Drawing upon her overarching allusion to Classical epic poetry, her initial use of prayer also recalls how a warrior might pray before battle. These students leave the relative safety of home to enter the dangers of the world that include their schools. But by also ending the poem with the family praying again, Brooks suggests the family has sinned throughout the day and now seeks absolution.
In describing the students’ school day, Brooks specifically draws attention to how the students are taught geography. This choice of subject is pointedly ironic, as Brooks mentions a subject that studies the world to contrast with the failed promise of how education should broaden a child’s world and give them better opportunities. By studying the larger world, the smaller world of their neighborhood is overlooked, even ignored. Education becomes another act of colonialism, rather than an opportunity to engage with cultures from around the world. The children reject this education, both the positive and the negative, when they “spit it out in a hurry” (Line 14).
The reference to geography also connects to the wide geographic terrain that Odysseus travels during his trip home. Yet unlike Odysseus’s ten years long journey, the children are quick to get home. This compression of time and distance between war and home underscores the urgency of the problem located close to the reader’s own home.
In the poem, despite the seemingly close-knit depiction of the family in the opening stanza, each of Ulysses's parents has a "Girl Friend" (Lines 6, 8) on the side. The revelation of this detail, delivered in the neutral voice of the child, comes as a shock to the adult reader. "Girl Friend" (Lines 6, 8) is always capitalized, indicating an emphasis and perhaps a formality for this third (and fourth) person on the family's periphery.
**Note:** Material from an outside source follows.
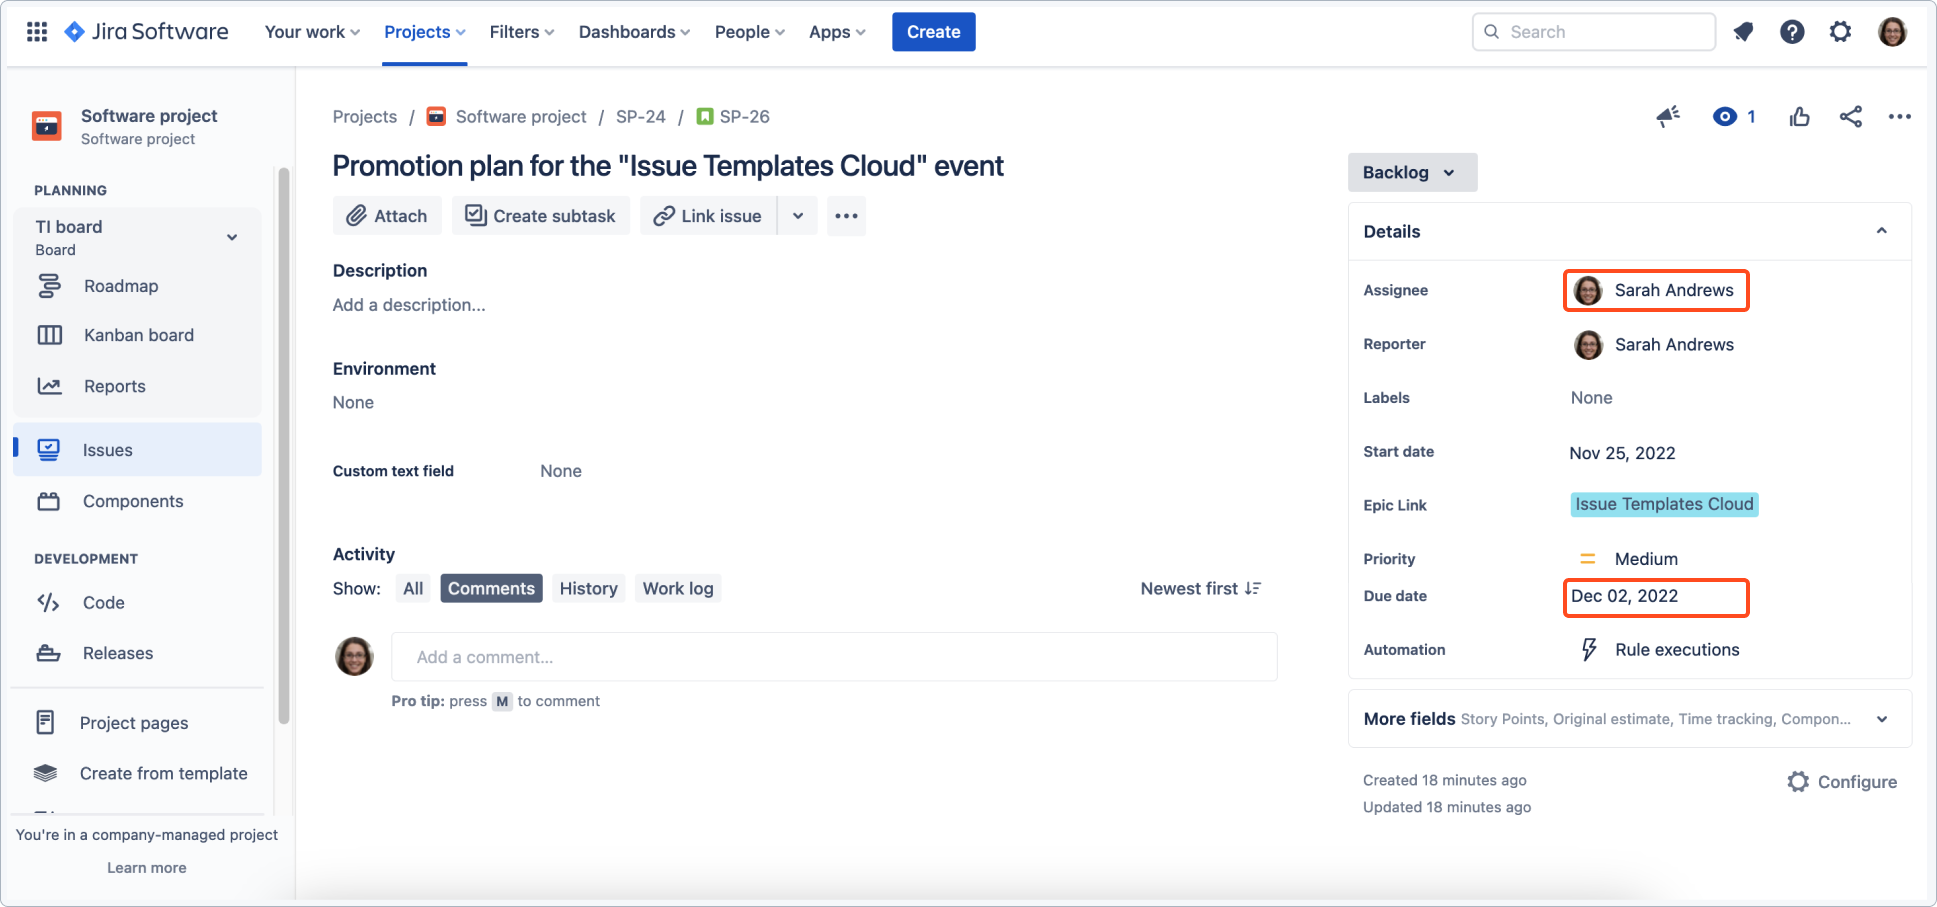 Issue Templates for Jira Cloud: Static Variables
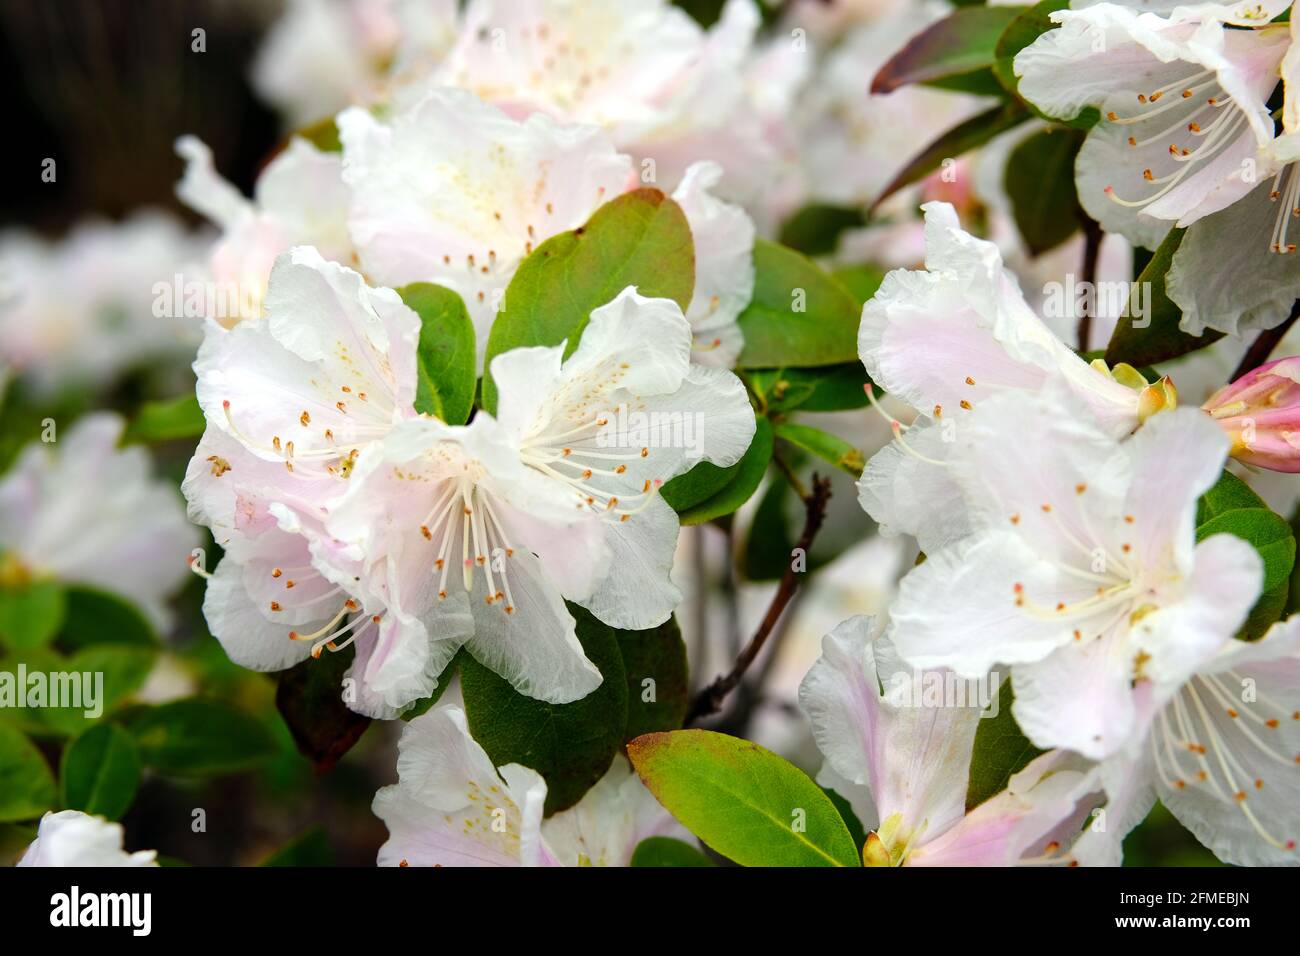 Beautiful white flowers of a rhododendron (Rhododendron maximum) in full bloom in a Glebe garden in Ottawa, Ontario, Canada. Stock Photo

The moment the adults leave the home, they begin their double lives. In the case of the father, the "Girl Friend" (Lines 6, 8) symbolizes the father's urgent desire—his lack of self-control evident as he "speeds" (Line 6) to "break bread" (Line 6) with the other woman. In contrast, the mother is depicted as in control and an authority, for she is "a Boss" (Line 7). But this image is also undermined in the next line where the child essentially "outs" her as a lesbian who also has a "Girl Friend" (Line 8). While the mother seems to carry more authority than the husband, her relationship with a woman is more hidden; contained between parentheses, almost like a whispered aside, the son tells the reader "(She too has a nice Girl Friend)" (Line 8).
The "Girl Friend" (Line 6, 8) comes to symbolize the double life many adults lead when they leave the home, and how this manifests differently for mothers and fathers. The appearance of the girlfriends first in the line of dangers outside of the home shows also that children are quite aware of the hypocrisies of their parents, but are even more accepting of the "nice Girl Friend" (Line 8), while the parents fail to address the rift at the center of the home. Instead, after a day with their respective girlfriends, the parents reunite with the family at home to go through their rituals, giving thanks for the unity they have at home, even if that is the only place it exists. If the children are aware of their parents' infidelities, how do they view the homecoming, the prayers, and the "holding Love" (Lines 3, 18) every day? Or, like Ulysses returning home to a welcoming wife after his own infidelities, does the poem demonstrate that the sins of the outside world are no match for the love of the family? The poem leaves the answer ambiguous, as the family sings "hallelujah" (Line 19) for each of their safe return.